From the commodious Nahm home on College Street, Sunshine reigned.  By one account, she was “an active volunteer in numerous community organizations, a whiz of a bridge player, and the epitome of a dignified, Victorian lady.”  But those Victorian values were painfully tested by Sunshine’s only child, Emanie, born in 1893. 

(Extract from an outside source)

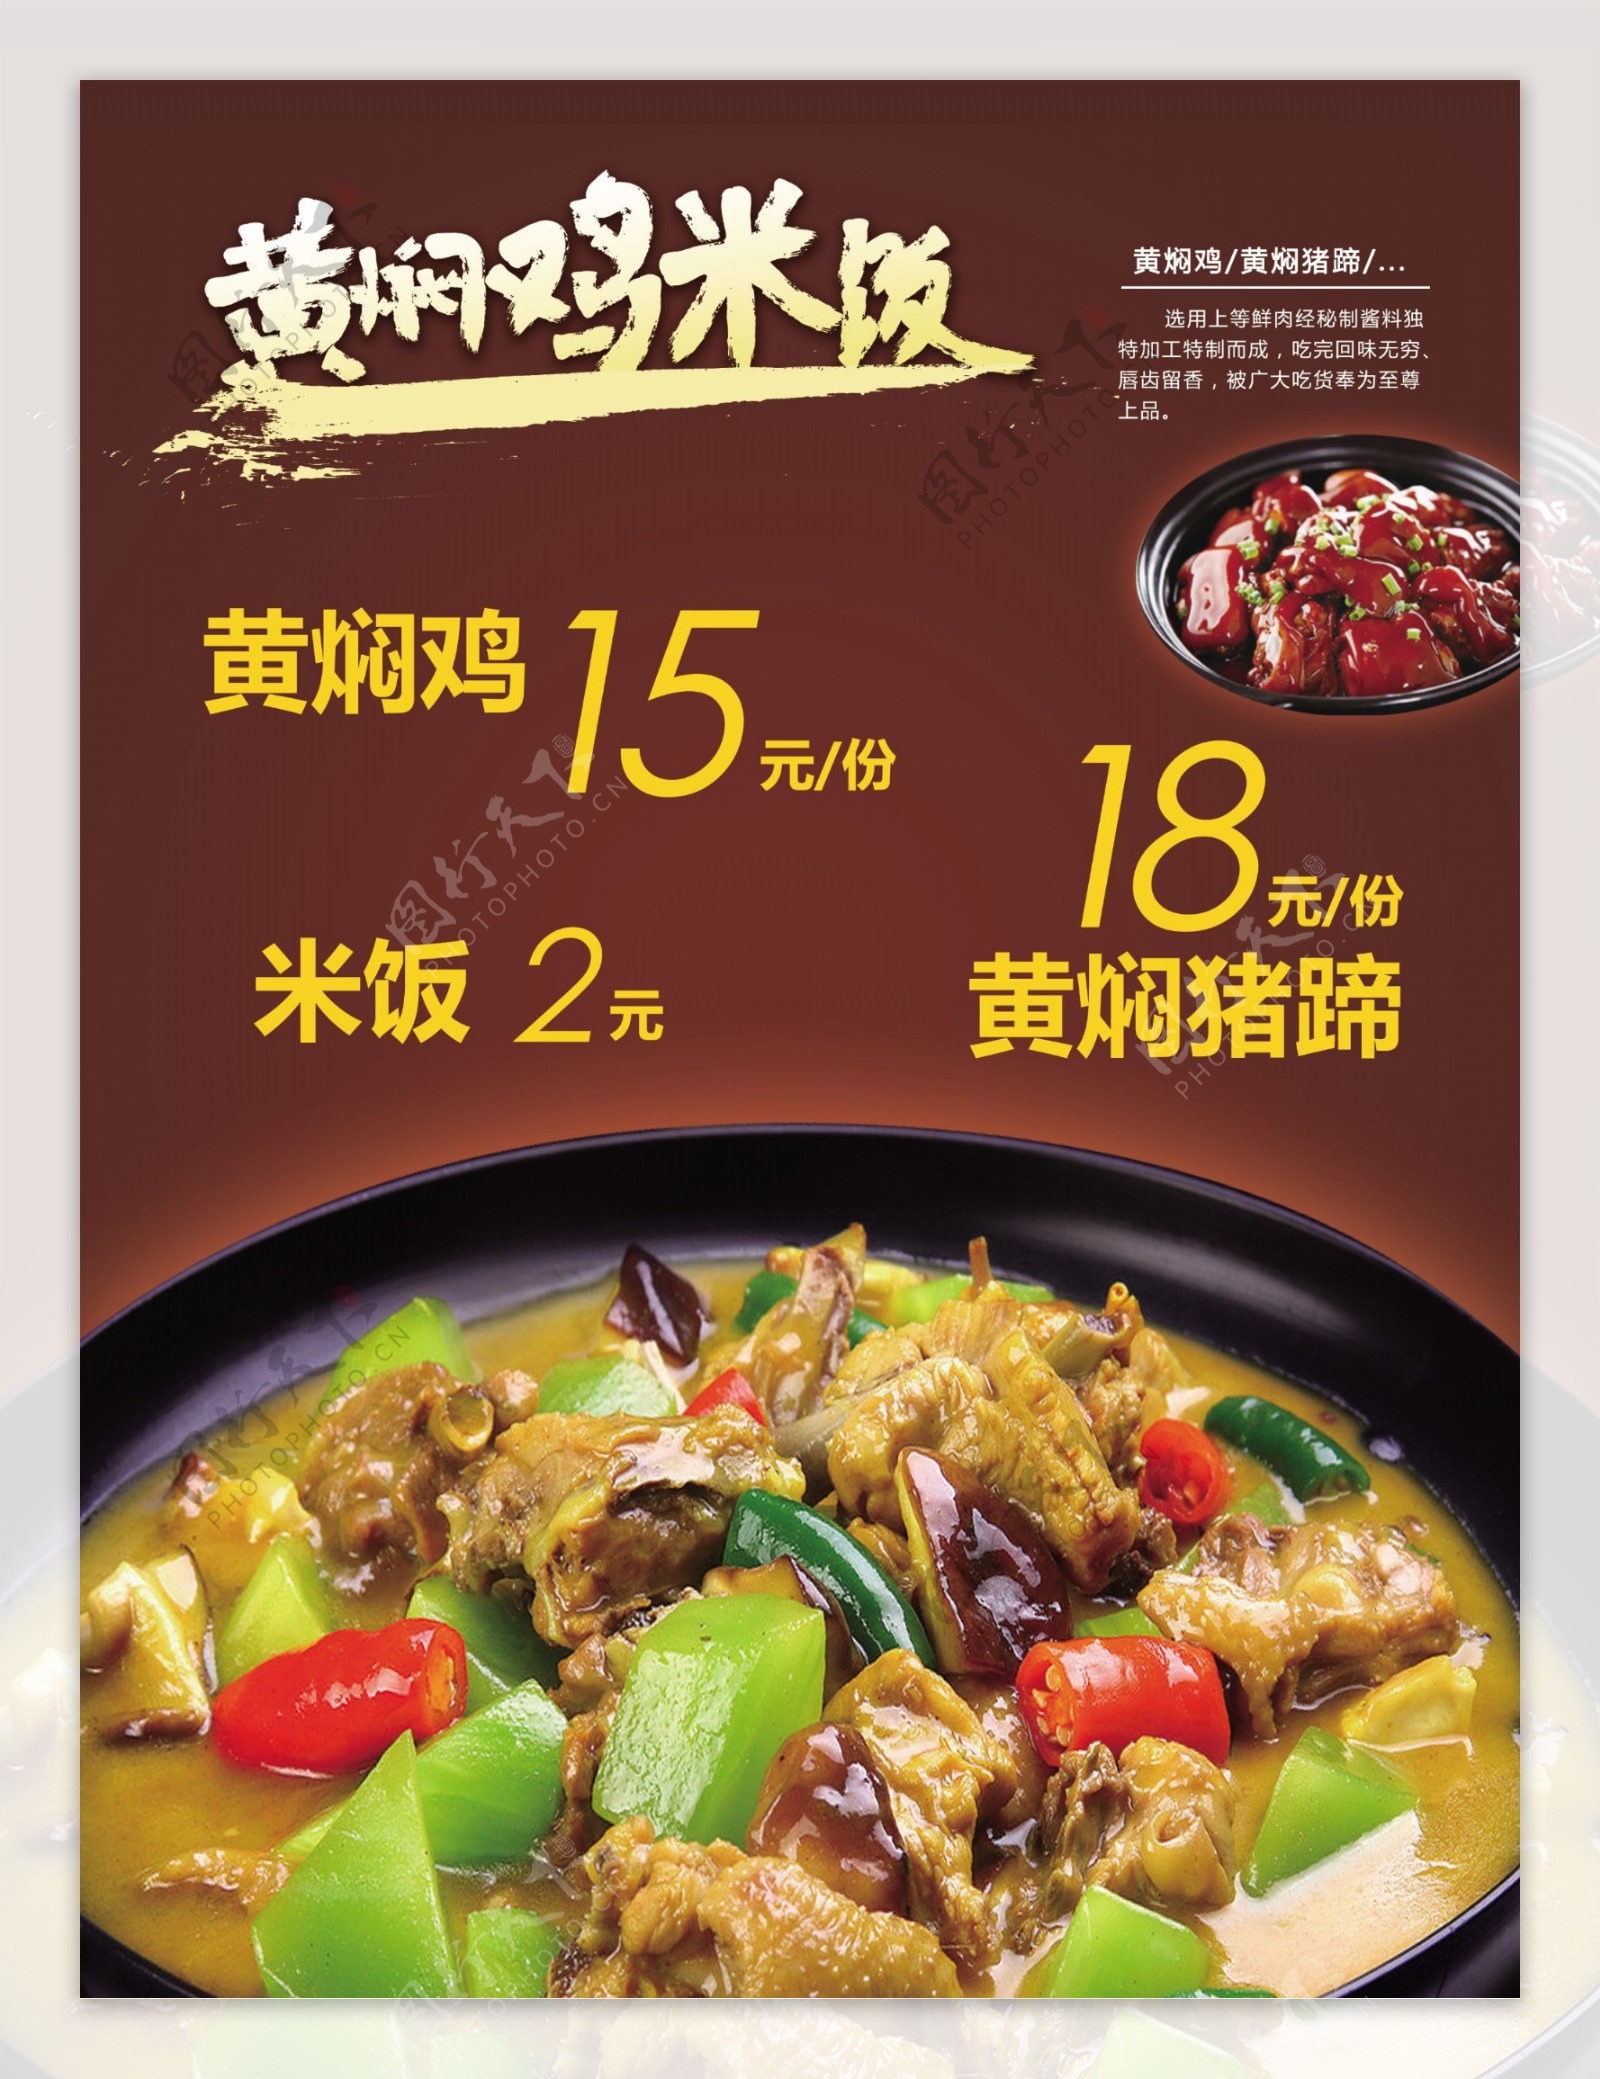 黄焖鸡米饭猪蹄海报菜单展板单页主食砂锅

For better or worse, it was Emanie (far more open about her personal history than her mother’s generation) who tells us most of what we know about Sunshine.  Clever, tomboyish in her youth, unconventional, and given to creative pursuits like writing and art, Emanie complained that her mother tried to suffocate her aspirations, warning her that men don’t like that sort of thing.  Her parents took her to the New York theater every year, she remembered, but no other visual arts were on the agenda.  The Nahm house was filled with books, but again, no pictures of any consequence.  Her mother “wanted to tell me what to do,” Emanie groused, in stream-of-consciousness notes left in her papers.  Though intimidated by this maternal presence, Emanie apparently reproduced it in her relationship with her own daughter. 

And yet the women seem to have remained on good terms.  Emanie left for New York, married, divorced, and enjoyed success as a writer and artist.  Sunny traveled and took cruises with Emanie and her granddaughter, but by the 1930s heart disease was threatening to cut her life short.  When Sunny died at 63, her friend Martha Potter watched rather uncomfortably as Emanie distributed her mother’s possessions.  Martha received “her purple, velvet-jacket evening gown and a black coat suit with fox fur shoulders.”  Seven months later, after lunching with Max (who outlived Sunshine by 20 years), Martha could only say, “We do miss Sunny very much.”